TASK STATEMENT:
Set down, word for word, every line of the material below from the one containing "韓國食品-[CJ] 고메꼬마돈카츠 450g" through the one containing "Missoni Dna Acetate", but none of its pictures.

LISTED RECORDS section start

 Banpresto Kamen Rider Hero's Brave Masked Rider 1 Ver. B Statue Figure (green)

LISTED RECORDS section end
LISTED RECORDS section start

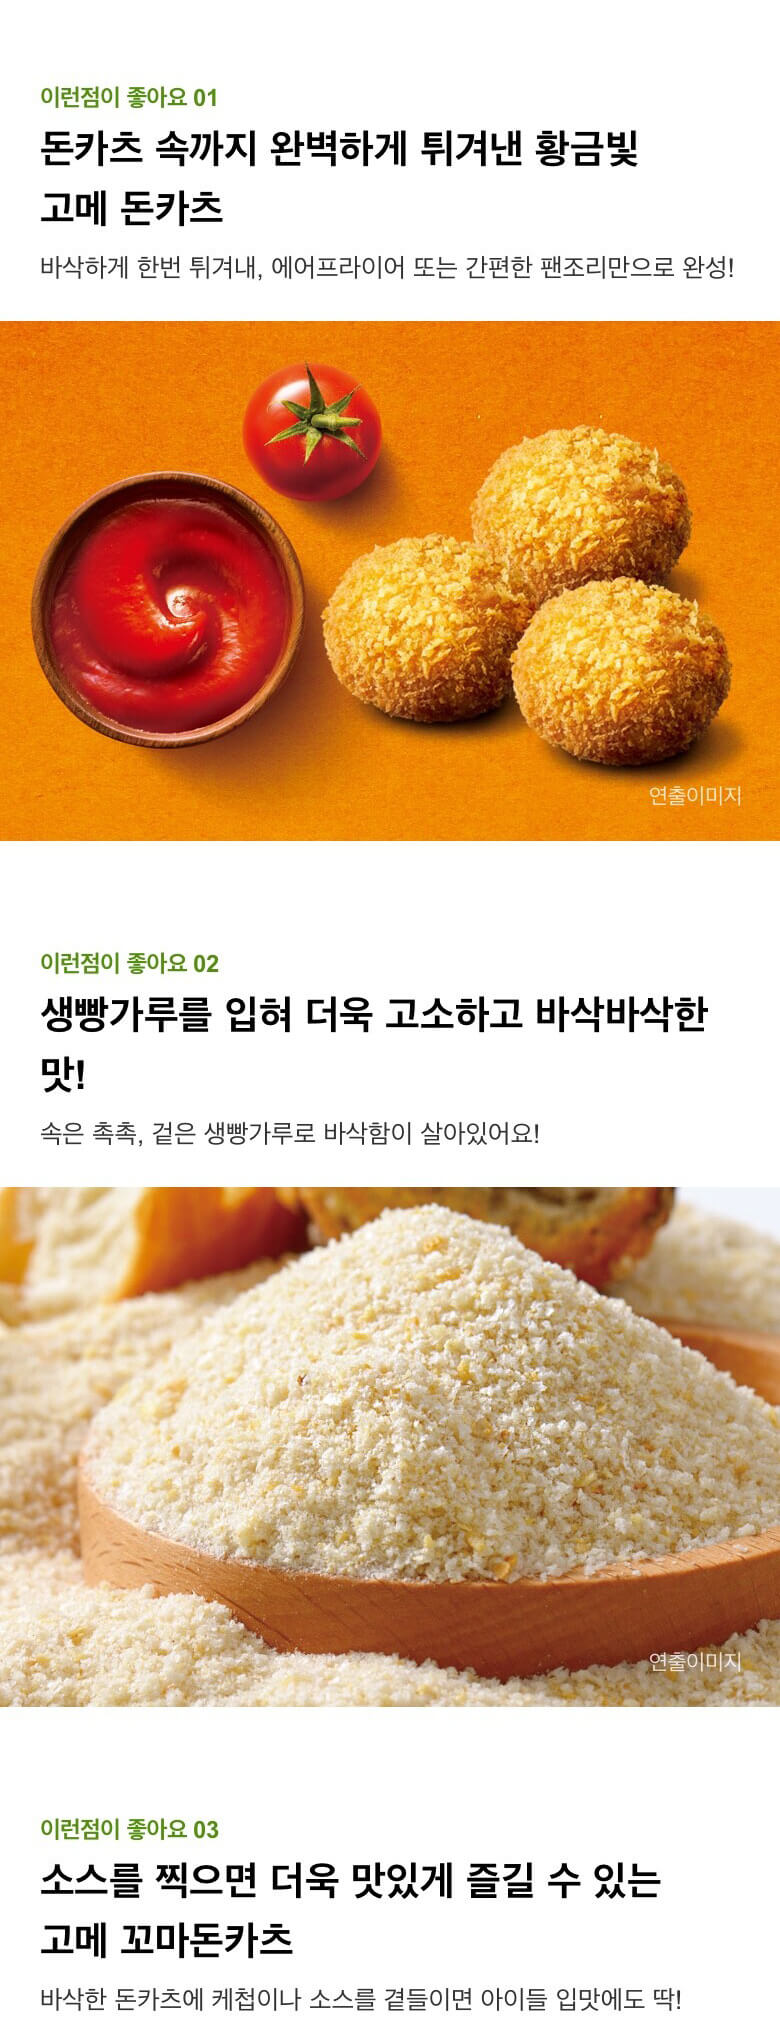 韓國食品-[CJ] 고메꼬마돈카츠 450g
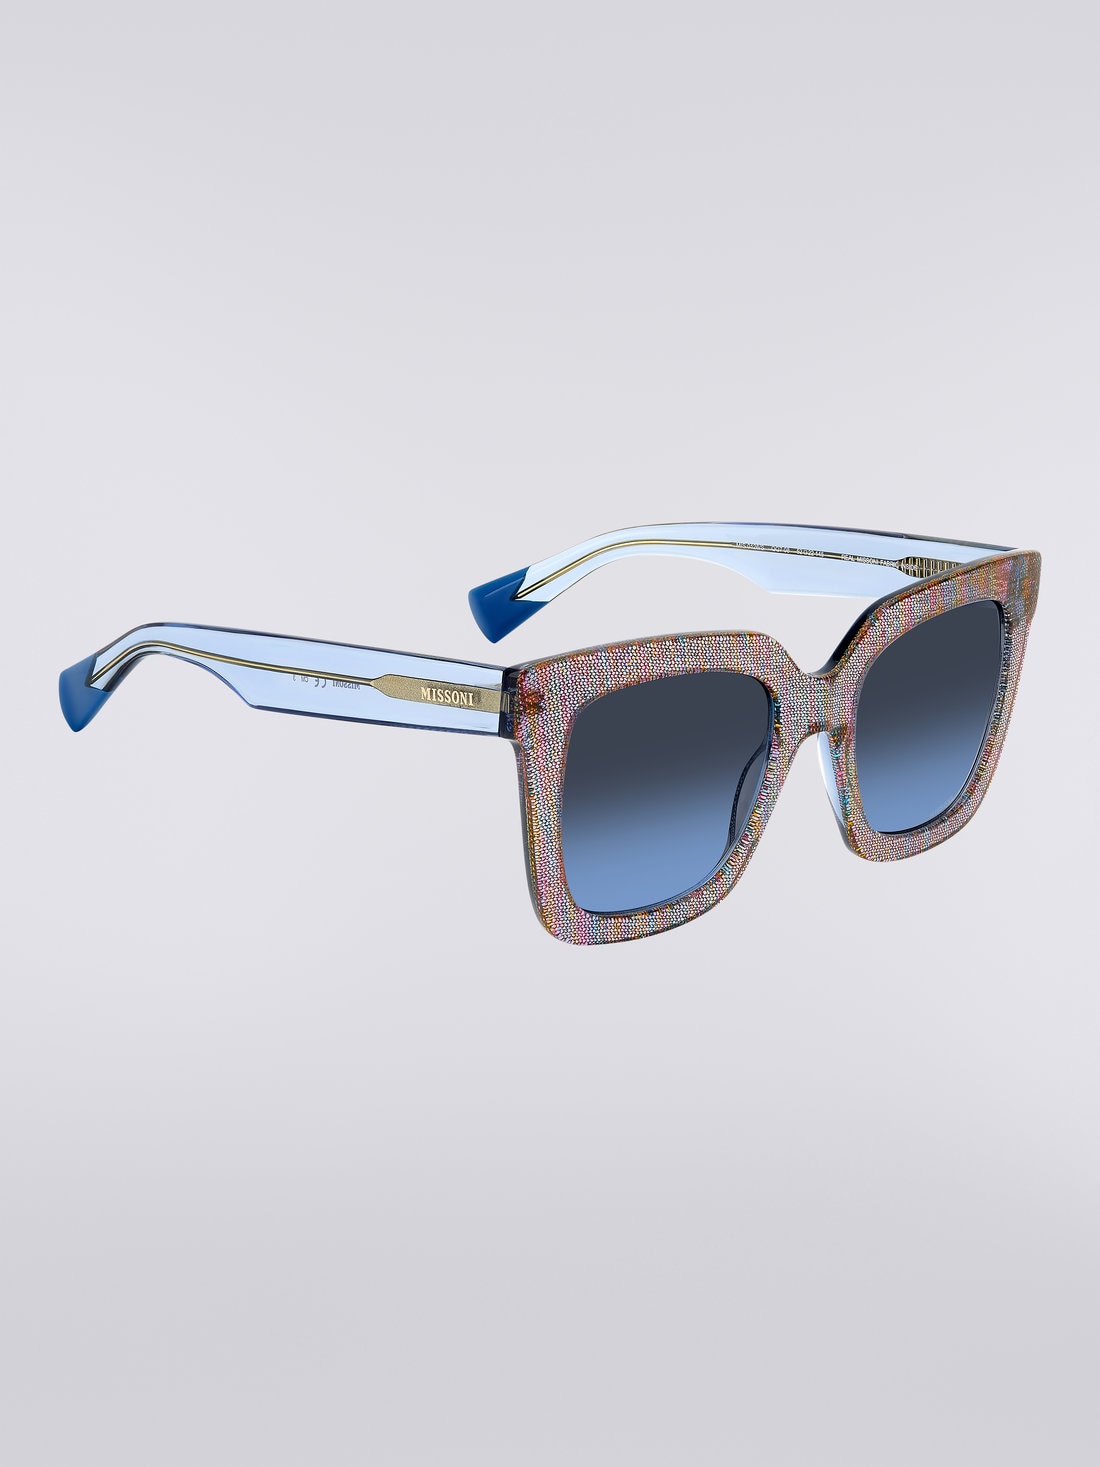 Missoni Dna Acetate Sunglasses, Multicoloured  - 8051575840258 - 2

LISTED RECORDS section end

SOLUTION TO THIS EXERCISE:
 韓國食品-[CJ] 고메꼬마돈카츠 450g
 Missoni Dna Acetate Sunglasses, Multicoloured  - 8051575840258 - 2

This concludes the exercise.